I've been free of nasty UAC messages for over two years, and so I cannot remember any of them or their formats. But, imagining, I cannot think there would be YES or NO, only OK or EXIT or CLOSE, because they did not offer choice. They simply stated that, " You cannot do that, close this window and think of something else to do, because you can't do that." I paraphrase, of course.

I have tried to think of texts that might include YES or NO reponse buttons, but cannot come up with even an imaginary example. Can you? Tell me. This interests me hugely. I see complacency all around me, and I am not happy. People too readily accept denial (and failure), and, worse, fail to be angered, when they should be kicking and screaming against whatever oppresses them - including Windows' error messages. (I could list serious major oppressors - landlords, bankers, solicitors, estate agents, kings, queens, MPs, but I will assume you know of them.)

Like your signature, but being an athiest, I would.
My System SpecsSystem Spec
15 Jan 2014   #8
andrew129260

Windows 10 Pro
 
 

So hold on a second here, you mean to tell me that when a UAC prompt appears you are told you cannot do that and thats it?
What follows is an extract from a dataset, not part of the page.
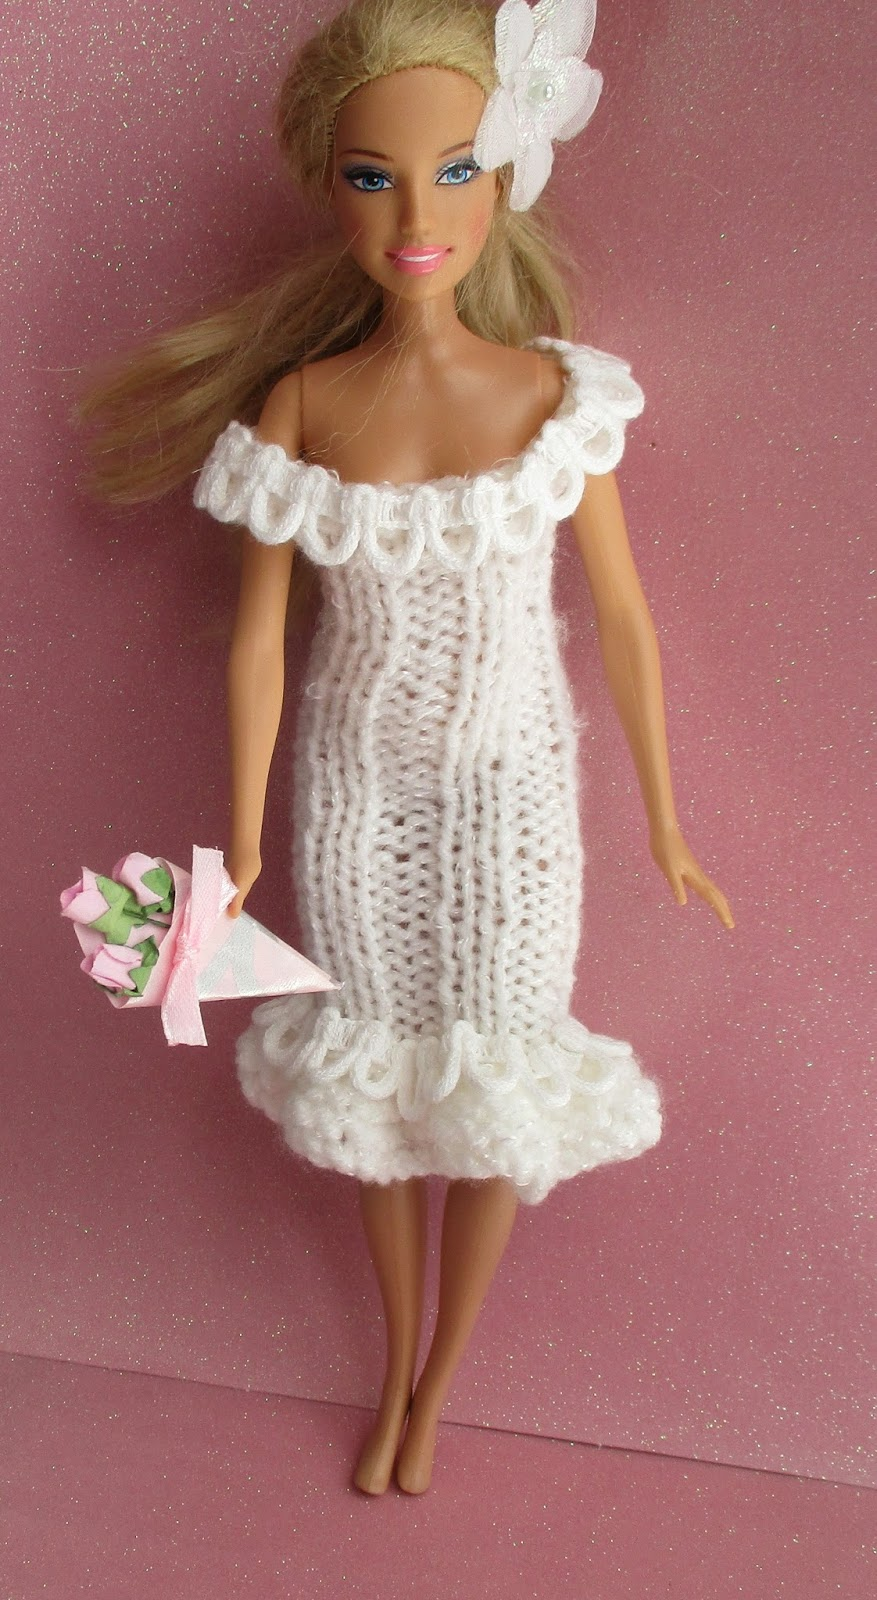 Taffy Lass Knits: Glamour Wedding Dress for Barbie

If so, that is not what you should be seeing. You also have to think about the average consumer. A Lot of them need UAC as its a attempt to remind them are you sure you want to do this?
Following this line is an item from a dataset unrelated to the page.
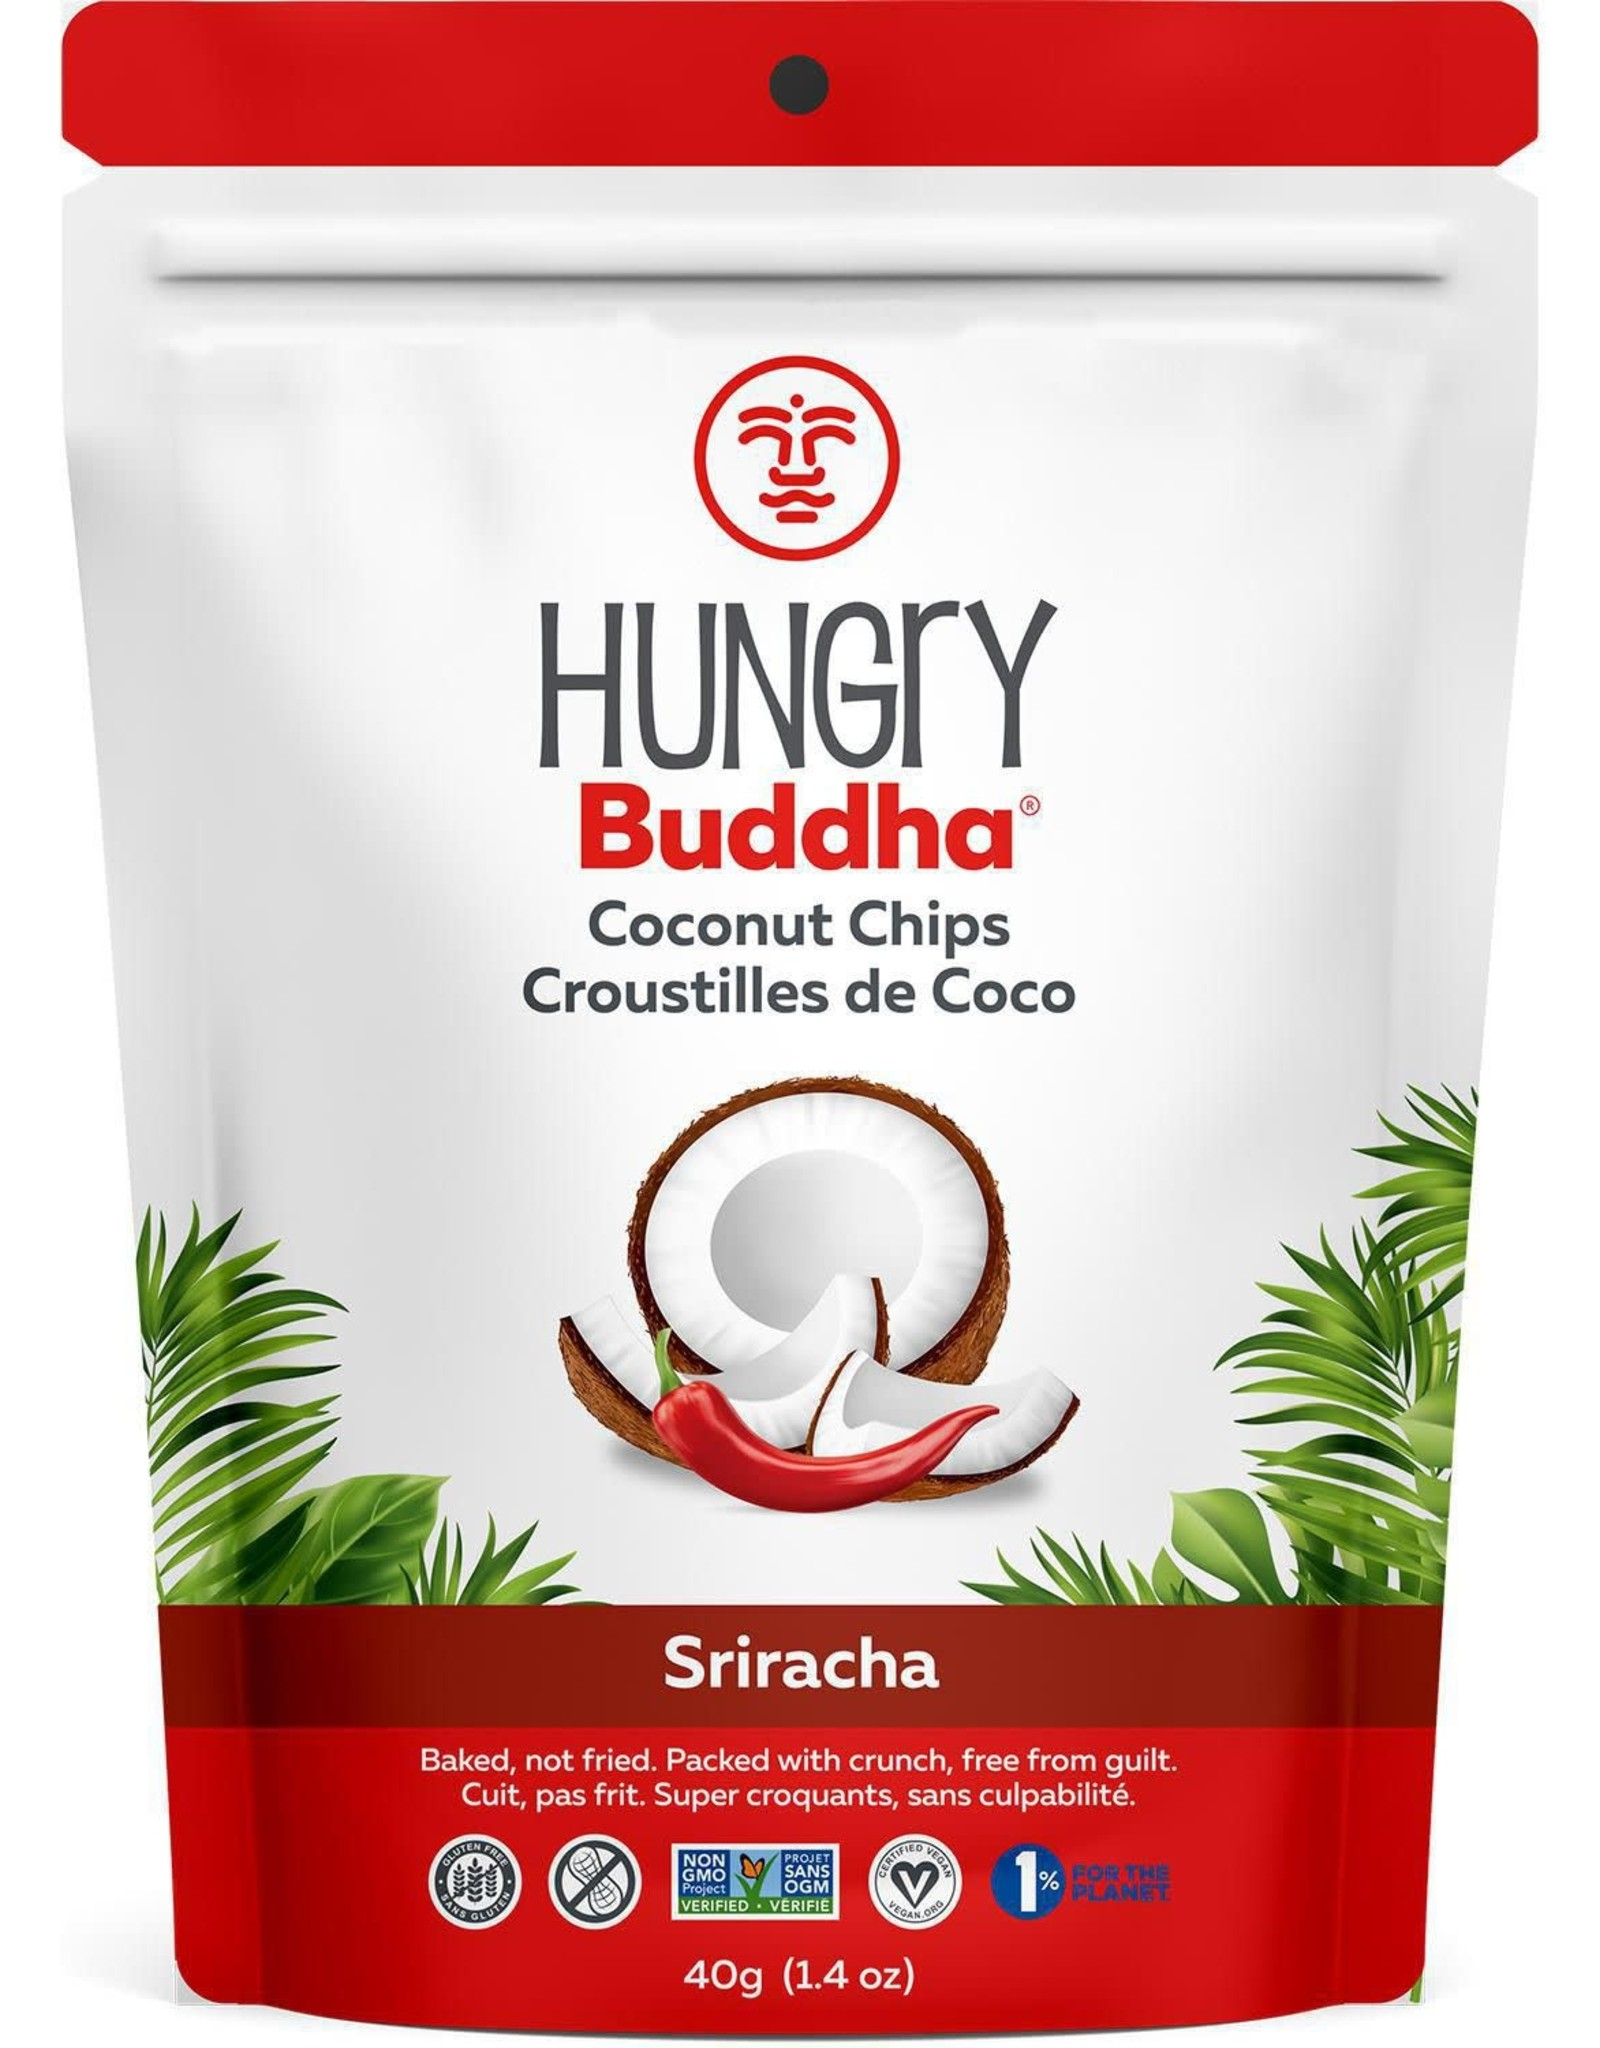 Hungry Buddha Hungry Buddha - Coconut Chips, Smokin Sriracha (40g)

It does help. Its when people blindly click yes and get frustrated that it ends up turning into a infected PC quick, as most people do not know what they are doing. I believe this is the point Ztruker was trying to make.
My System SpecsSystem Spec
19 Jan 2014   #9
BobFairmead

Windows 7 Professional 64 bit (and Linux Mint)
 
 

Yep, just exactly that. All those that I can vaguely remember simply told me that I couldn't do what I just tried to do because I didn't have sufficient privileges, whatever. There were never options, except, of course, the stunningly useless, "Try Again". Which worked as often as a thing that never ever works ever. As I said, I've been free of that stuff for over two years and I have no intention of regressing just to supply examples. Why do you think I was so very very angry. Had there been options, I might have calmed down.
You supply me some of yours that give options.
I absolutely do think about the average, and the beginner, and, frankly I feel deeply sorry for them; just left to flounder without help or even explanation. My ex is one of those, and she constantly asks me to sort it out for her. Microsoft's error messages have always been brief, unhelpful, and have never given links to advice pages. People flounder when things go wrong. Remember (you must have encountered it - it's a CLASSIC), that when you cannot get online for some reason, and you follow the step-by-step help screens, you always get to one that says, "Go online to find a solution." I rest my case.
No,oo, it doesn't turn into an infected PC - that's just propaganda nonsense. I've run without even basic anti- whateverware in the past, and my infections have only ever been slight. I have never lost my machine to an infection, ever. If you're wondering why I ran without protection... Living abroad I had a slow connection. I had two machines. I connected the lower spec machine to the net without protection to gain that small, but noticeable, speed increase. The other I never connected to the net. I transferred files via USB or disk and tested for infection. Once a month, or so, I wasn't fussy, I reinstalled a clean image onto the internet machine from DVD. Safe. But, I never had anything but PUPs and Adverts. It CAN happen, yes, but so can being run over by a car. In my opinion, there are too many people out there screaming dire warnings and broadcasting unnecessary fears as there are evil scum creating viruses and whatnots. We could seriously do with a reduction in both. In all my decades of computing, I've had one proper virus; it made all my letters fall to the foot of the page - DOS I think it was in. I kept it for a long time, and ran it now and then for fun, but it stopped working in WIN95. Tut! They can't do anything properly.